(Dataset excerpt begins)

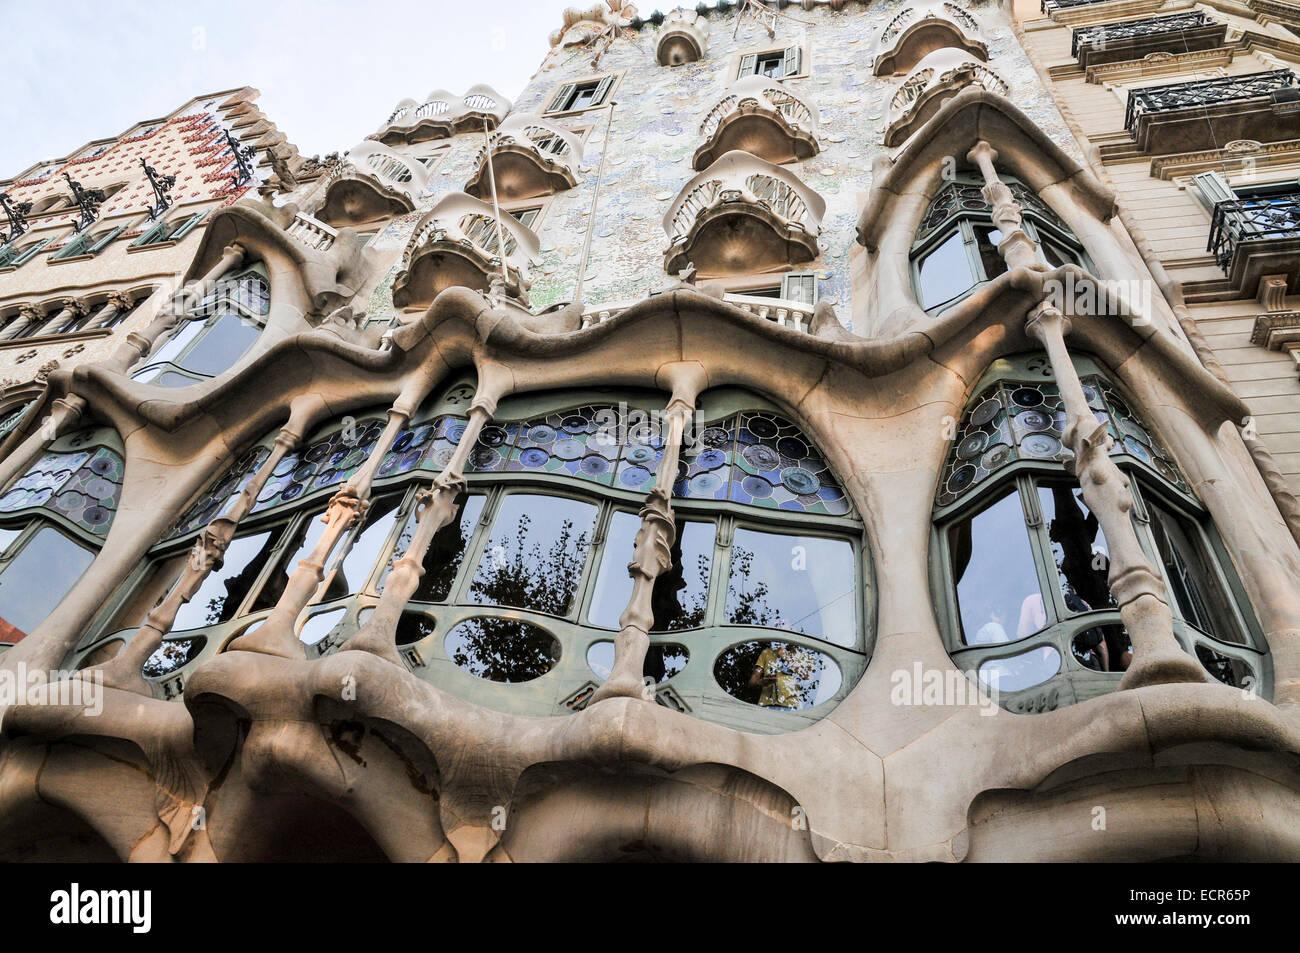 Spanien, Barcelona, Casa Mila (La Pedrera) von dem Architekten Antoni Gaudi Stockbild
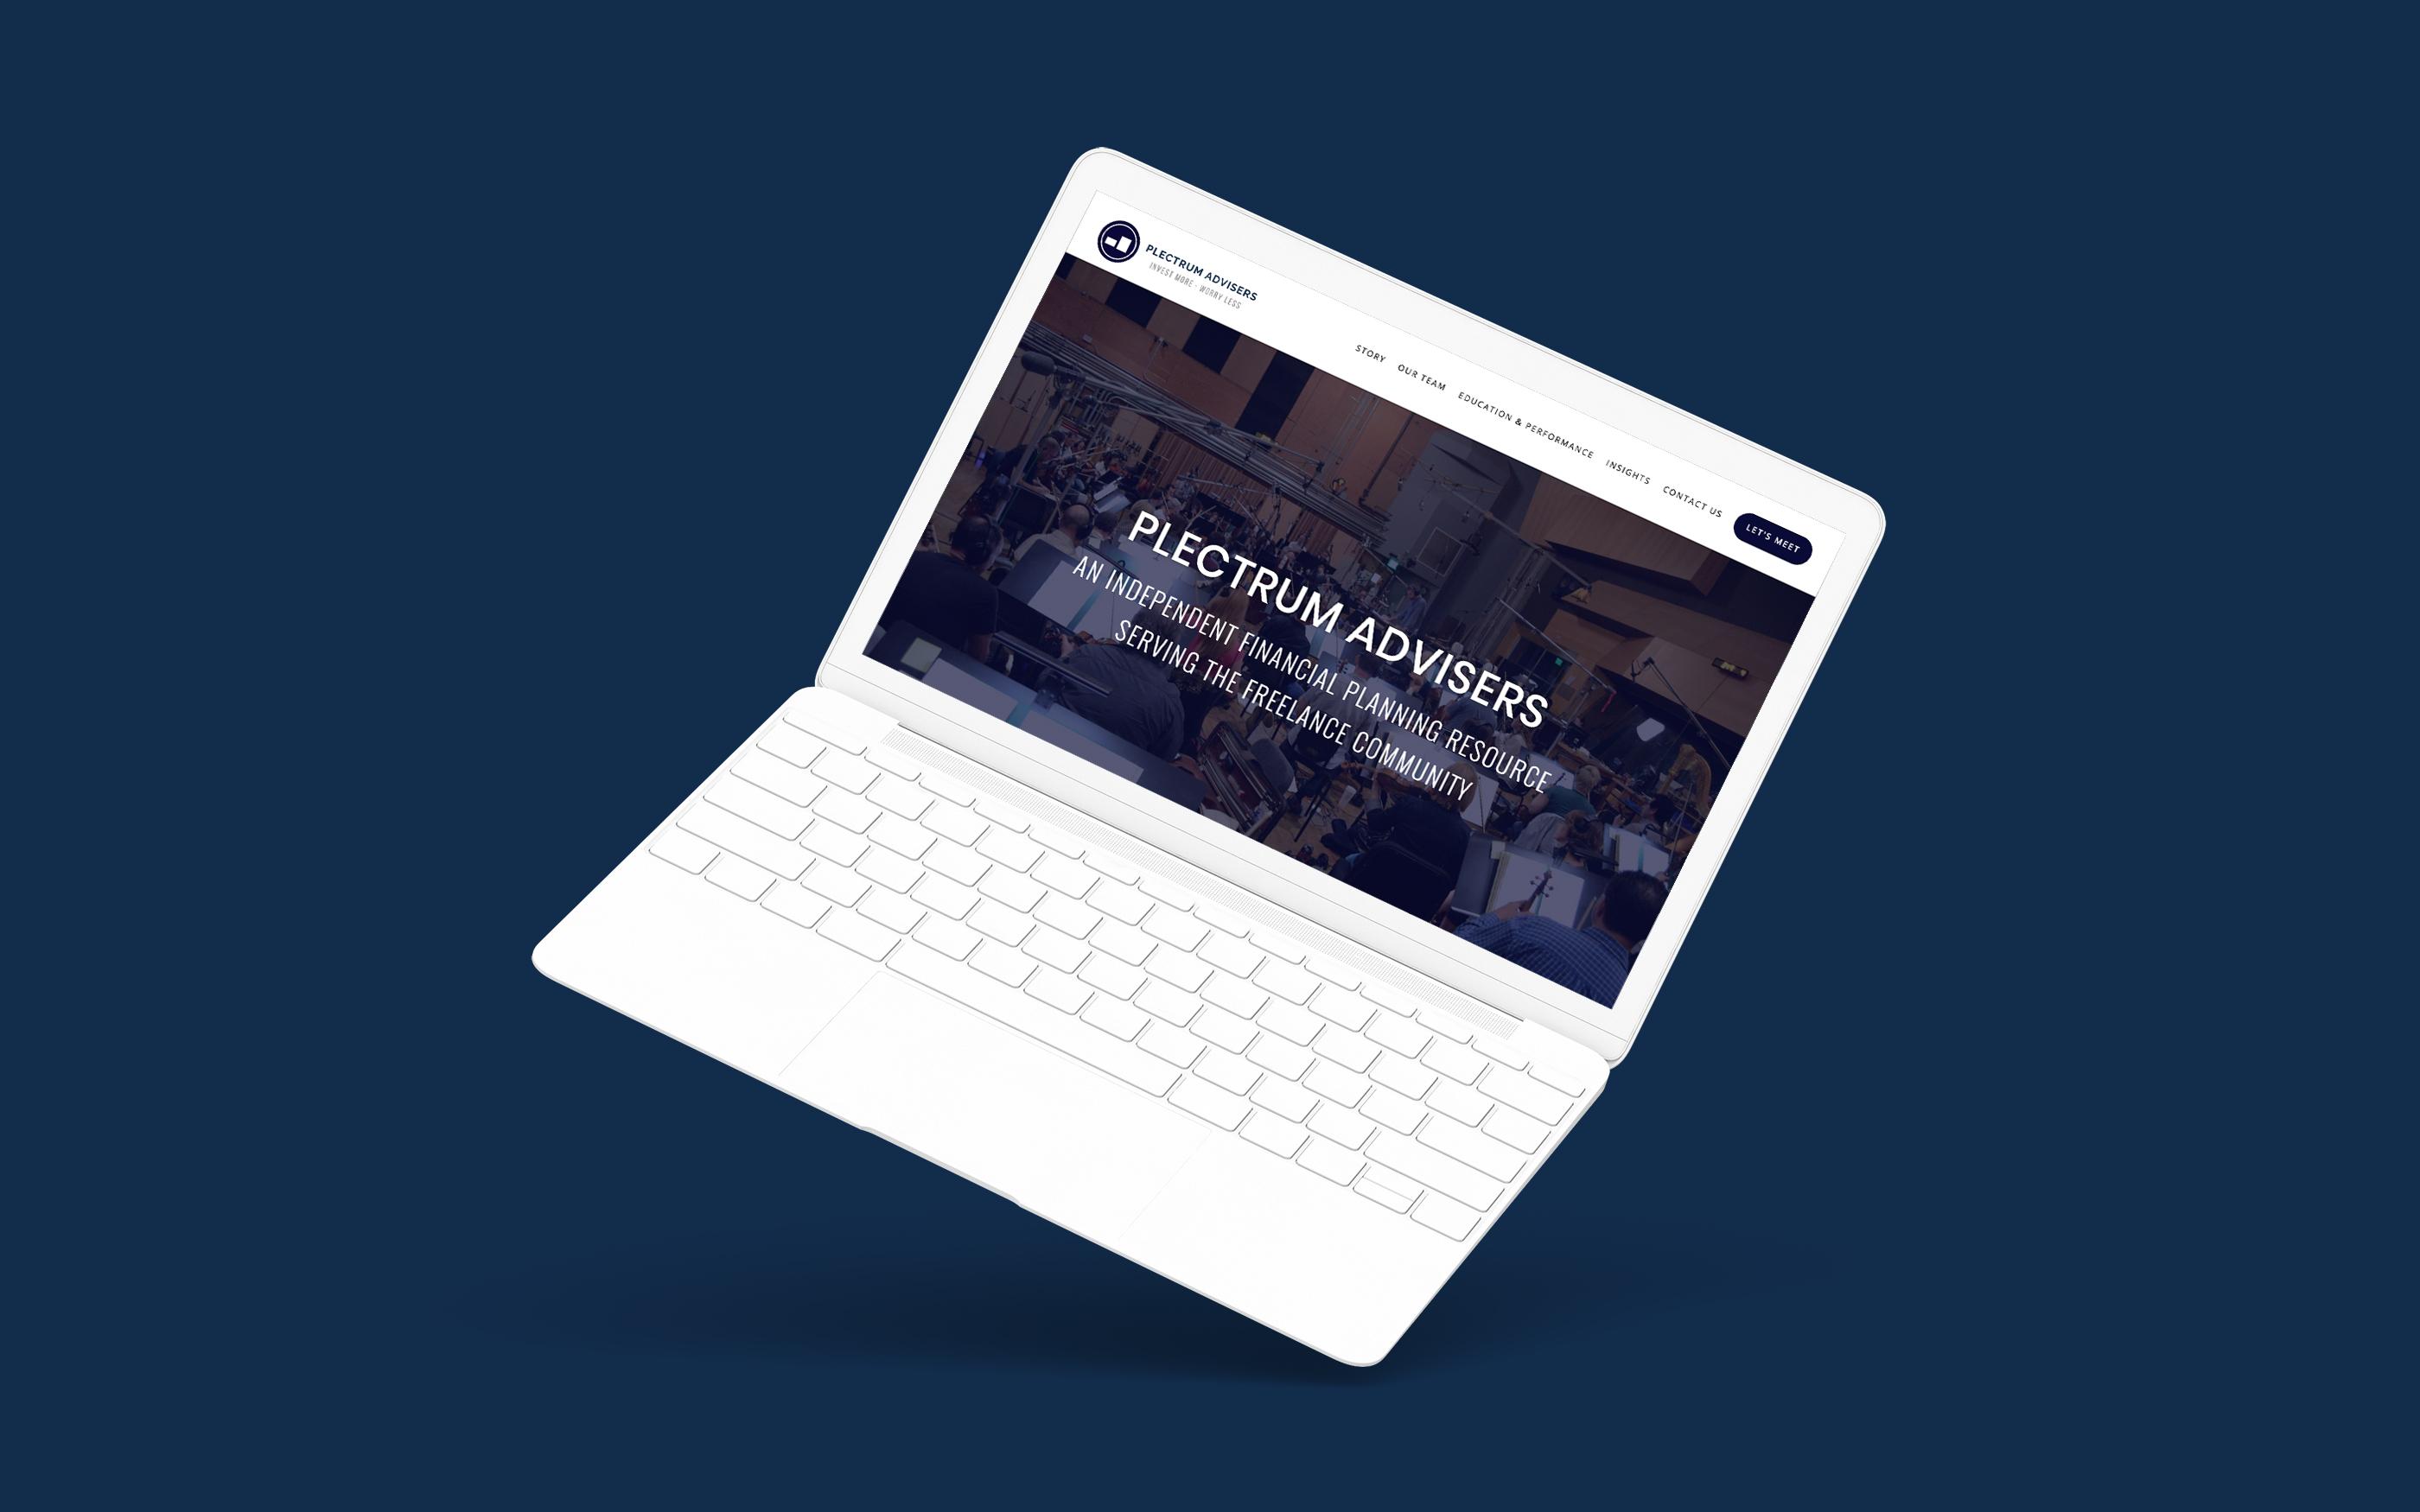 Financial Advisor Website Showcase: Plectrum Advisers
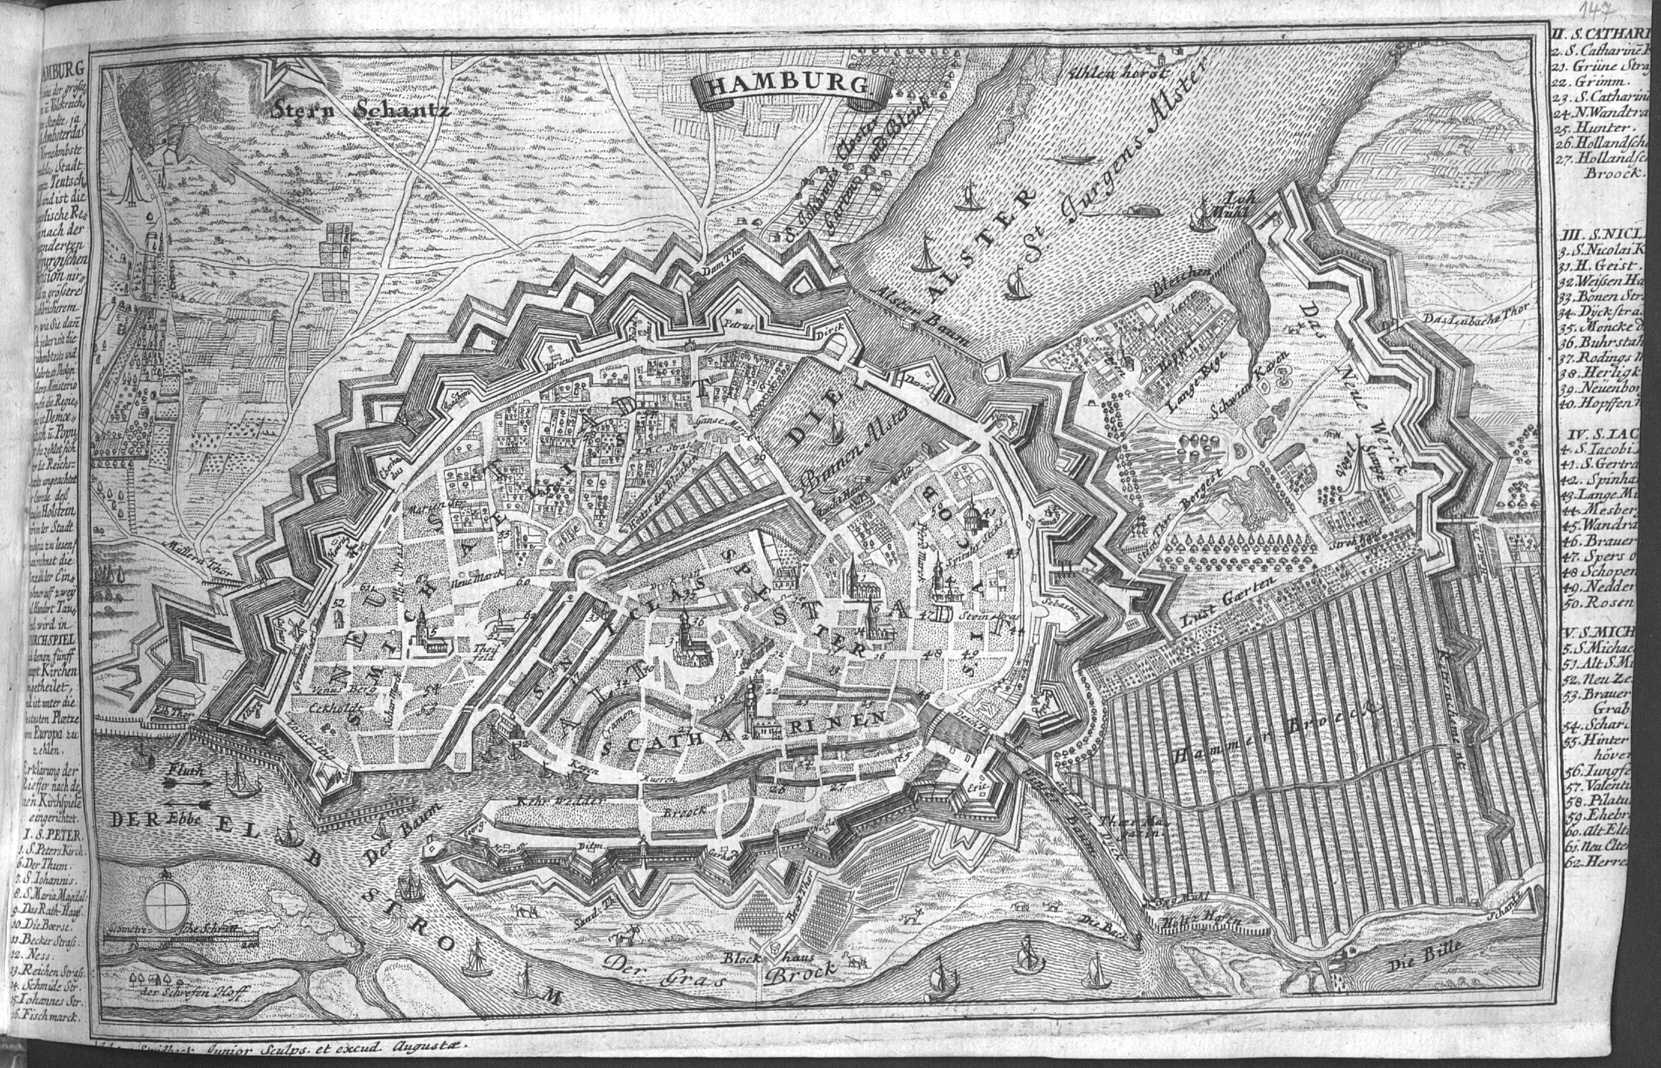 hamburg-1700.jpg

(Dataset excerpt ends)

▶ [Exercise goal]: Starting from the line where "Financial Advisor Website" appears, copy every line through the end of the material, both ends included, but no pictures.

▶ [Output below]:
 Financial Advisor Website Showcase: Plectrum Advisers
 hamburg-1700.jpg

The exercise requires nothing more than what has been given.